## DIRECTIONS FOR THIS TASK
Output, exactly and with no pictures, the line that contains "VINTAGE 80s |" and every line that comes after it in the data below, the last one included.

## RAW DATA
****************

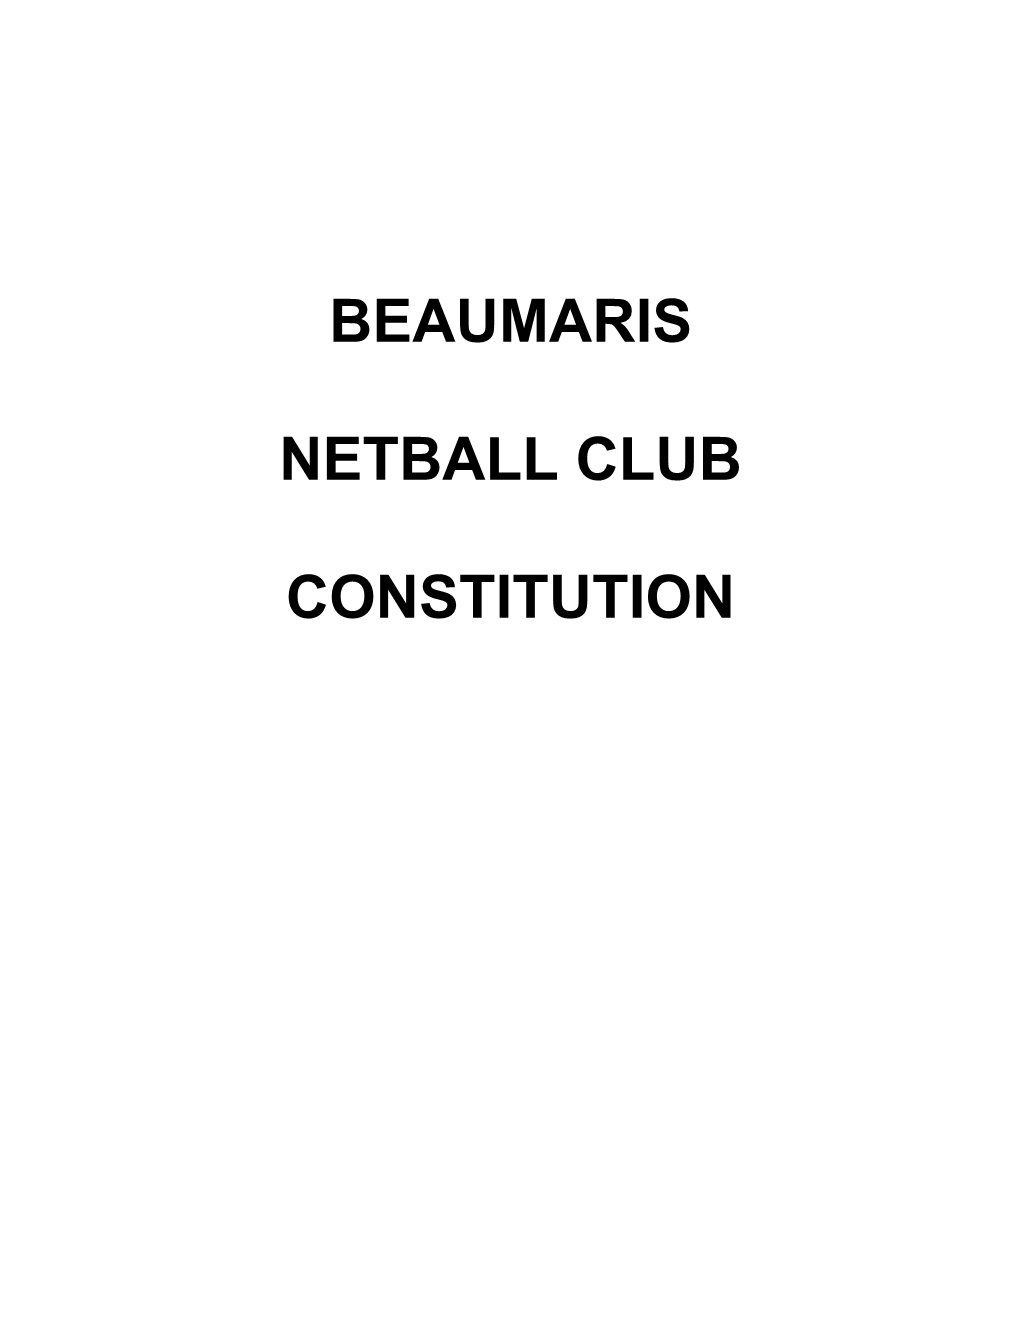 Constitution of the Beaumaris Netball Club
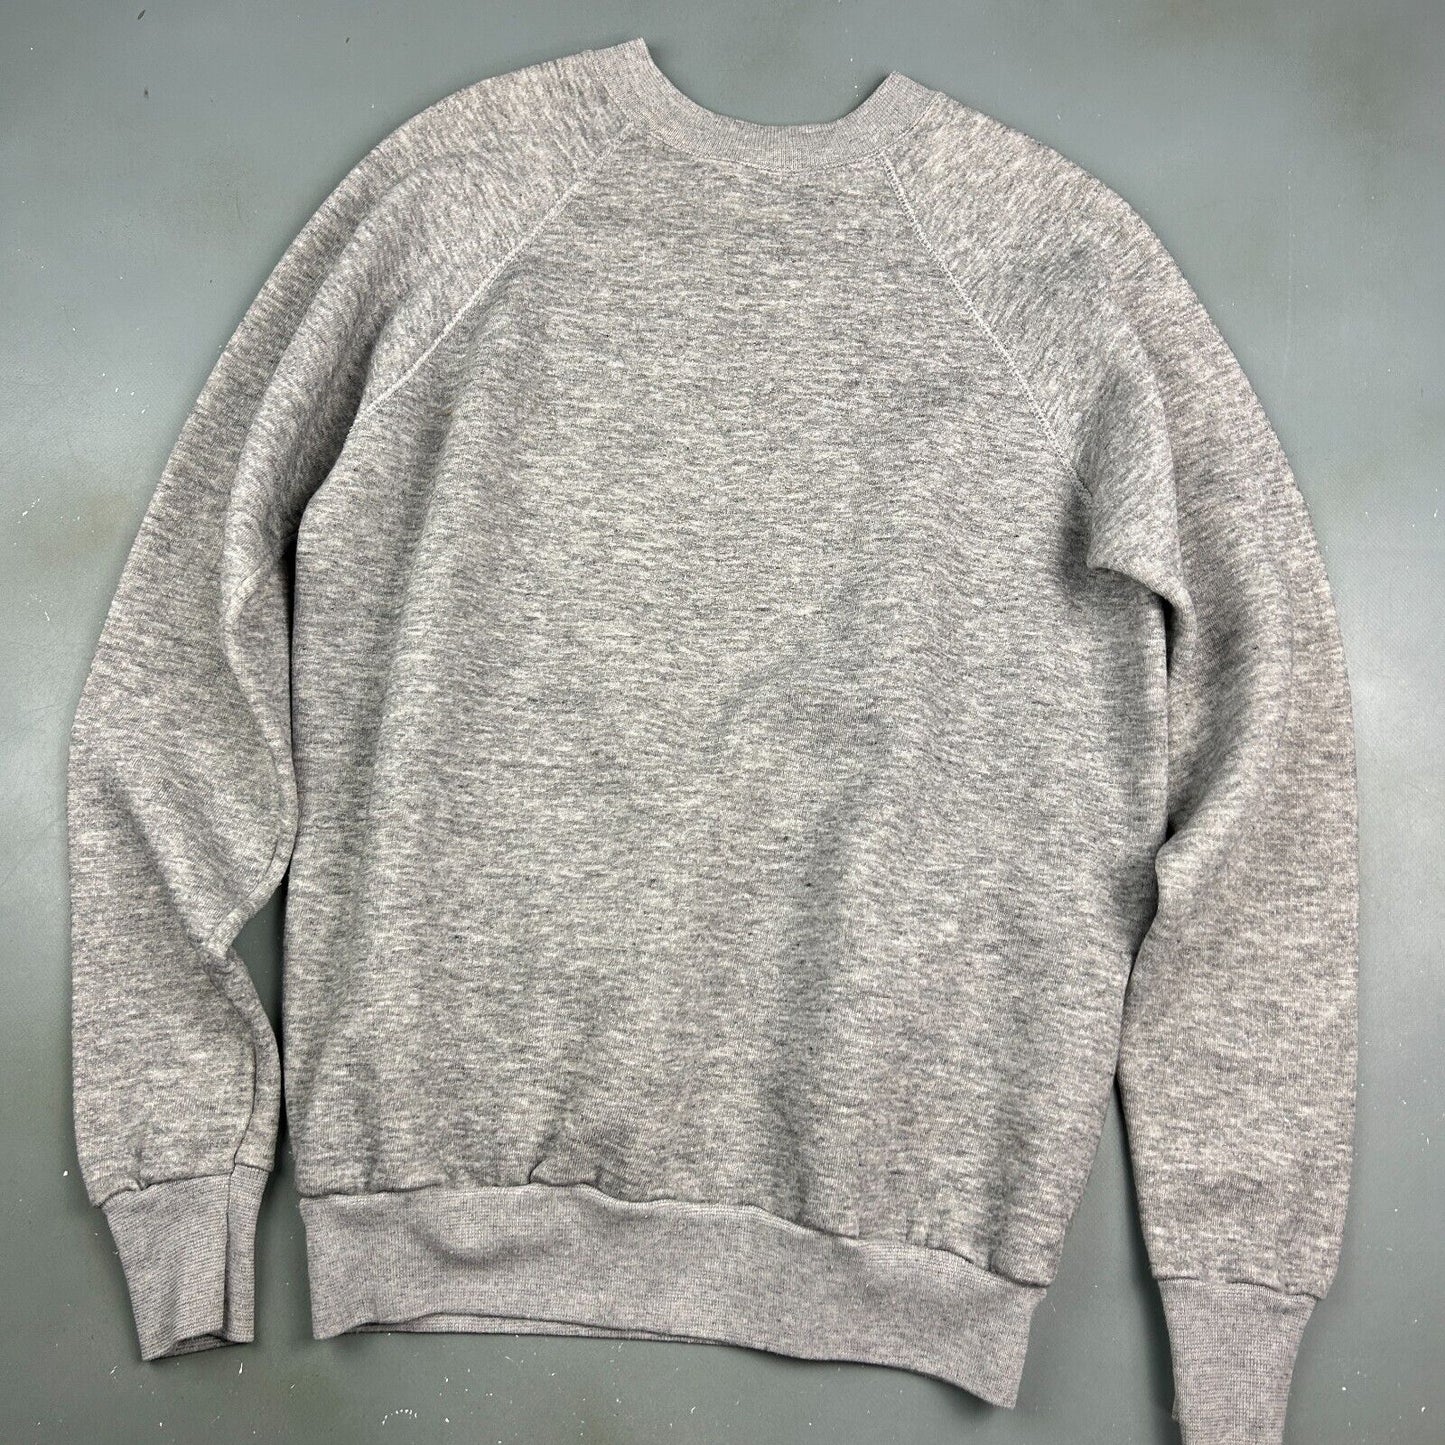 VINTAGE 80s | BLANK GREY Raglan Cut Crewneck Sweater sz M-L Adult
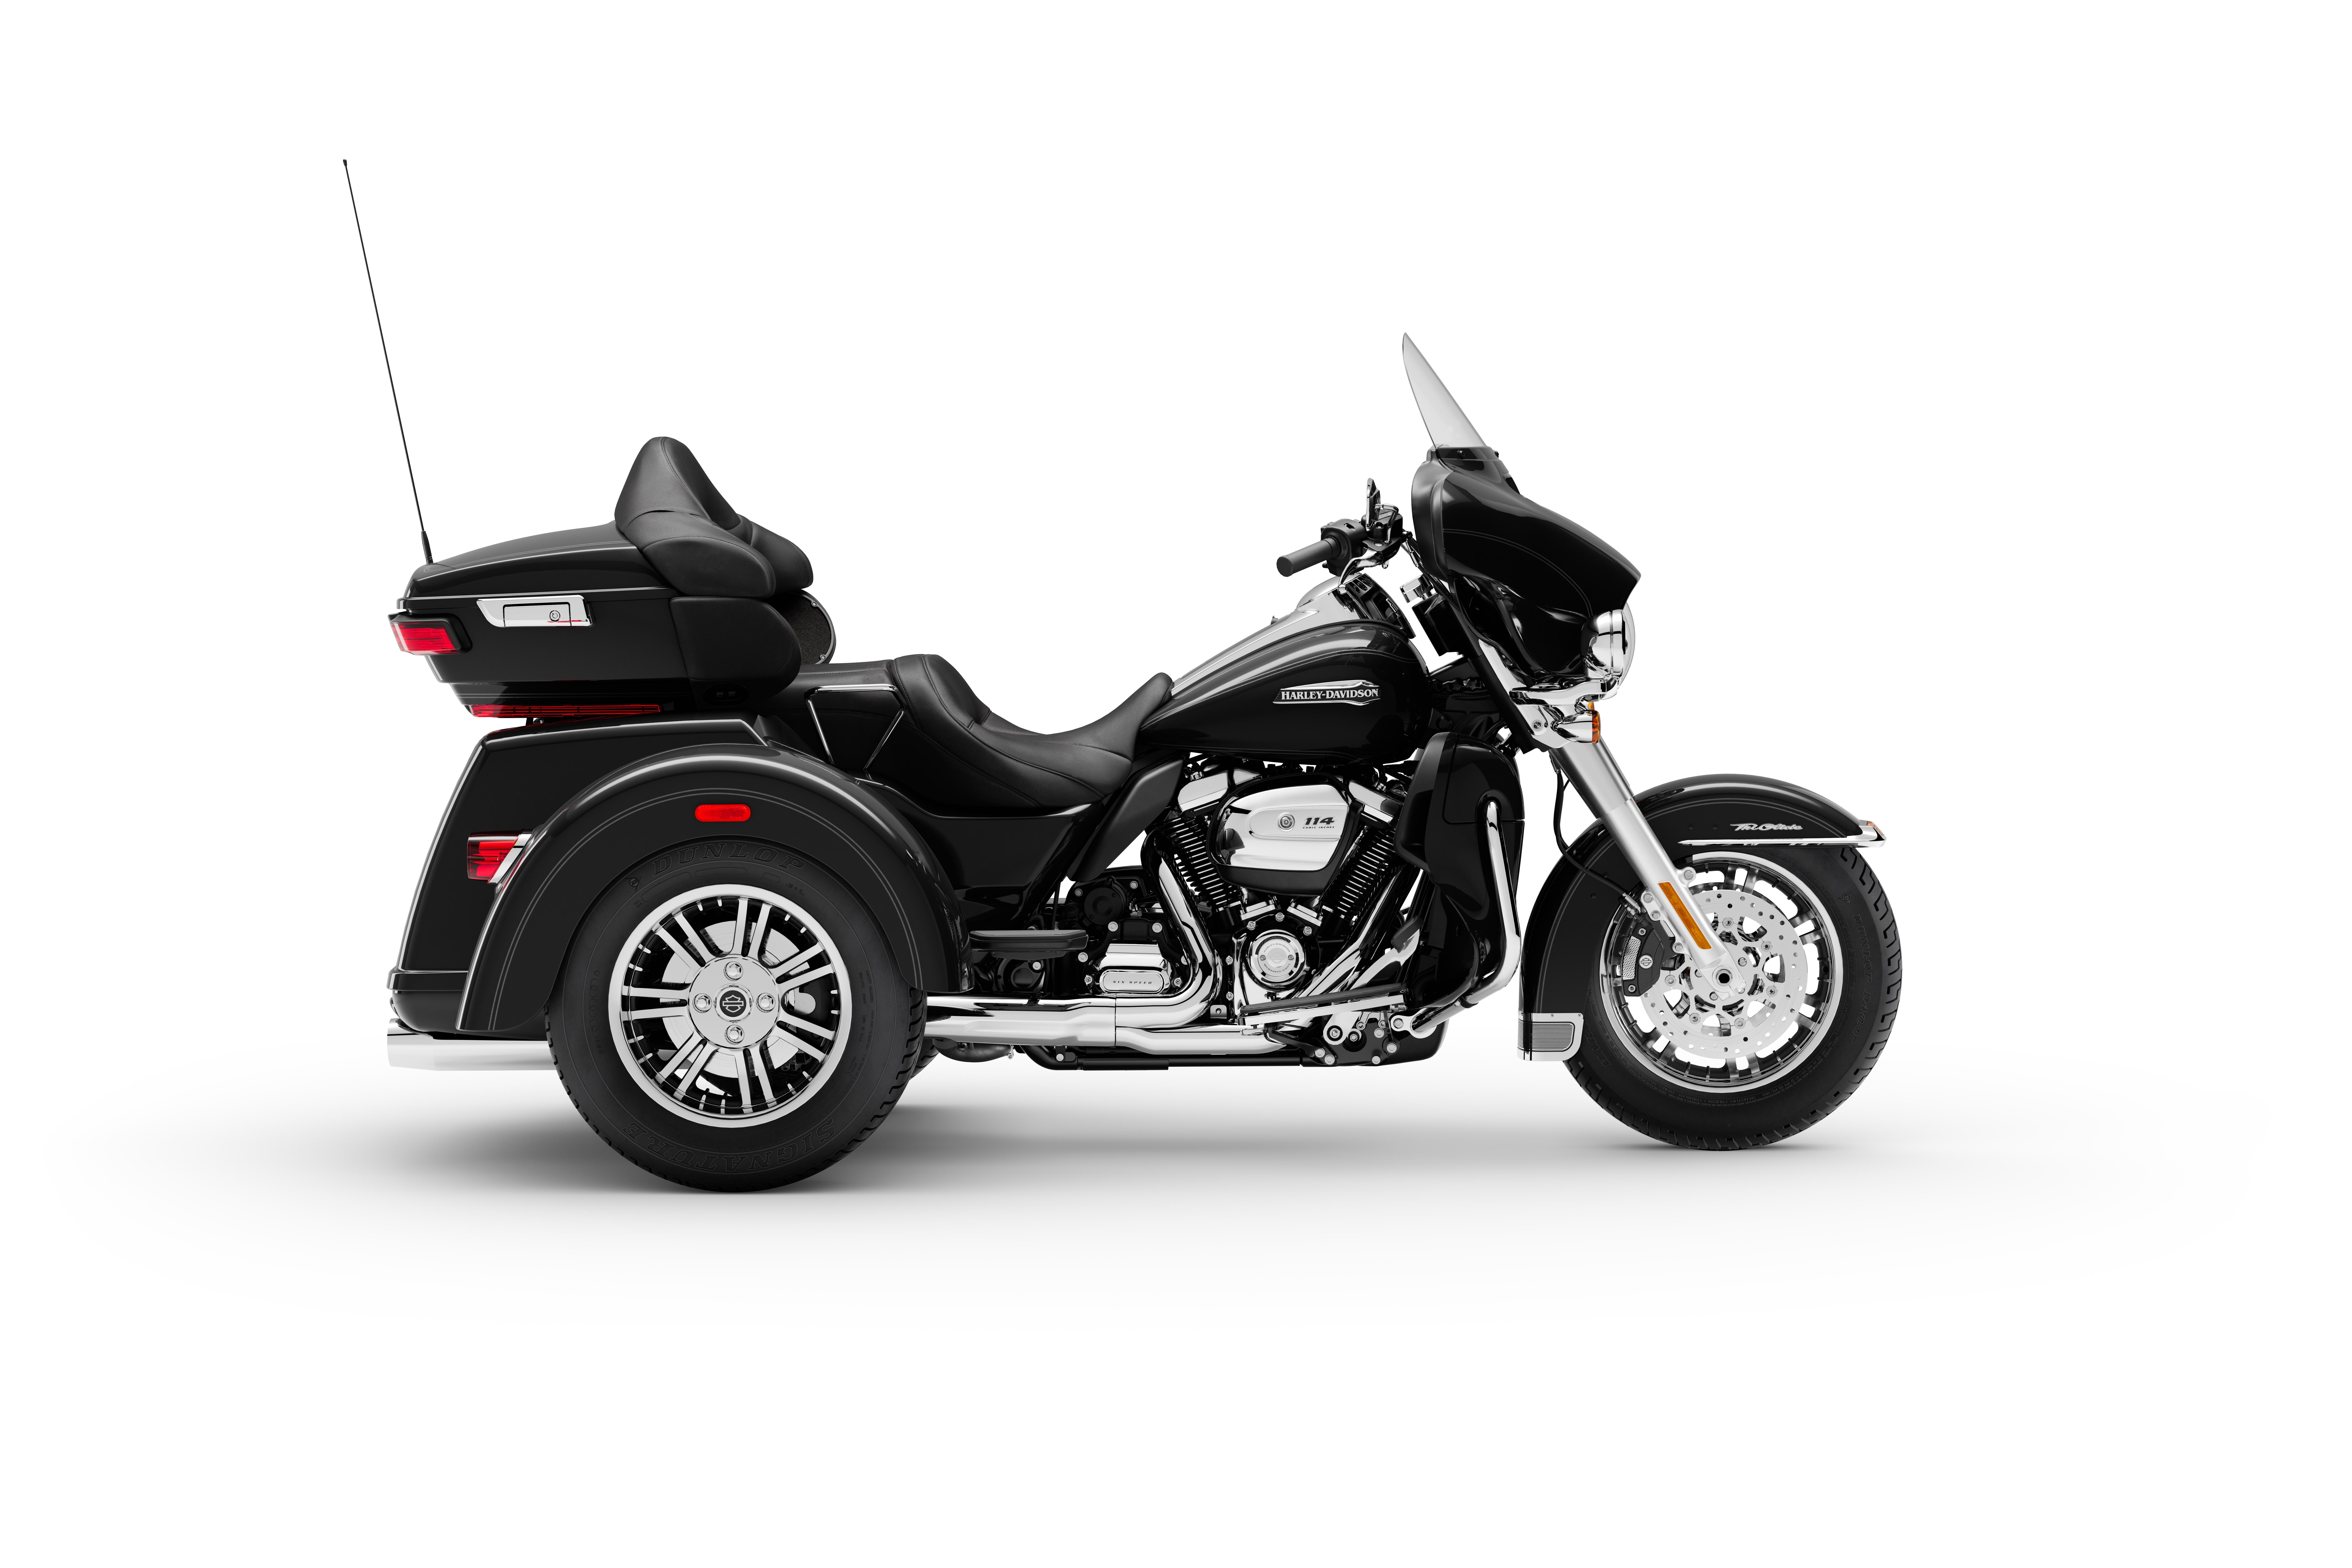 2020 Harley-Davidson Tri Glide Ultra Buyer's Guide: Specs, Photos

****************

## WRITTEN ANSWER
 VINTAGE 80s | BLANK GREY Raglan Cut Crewneck Sweater sz M-L Adult
 2020 Harley-Davidson Tri Glide Ultra Buyer's Guide: Specs, Photos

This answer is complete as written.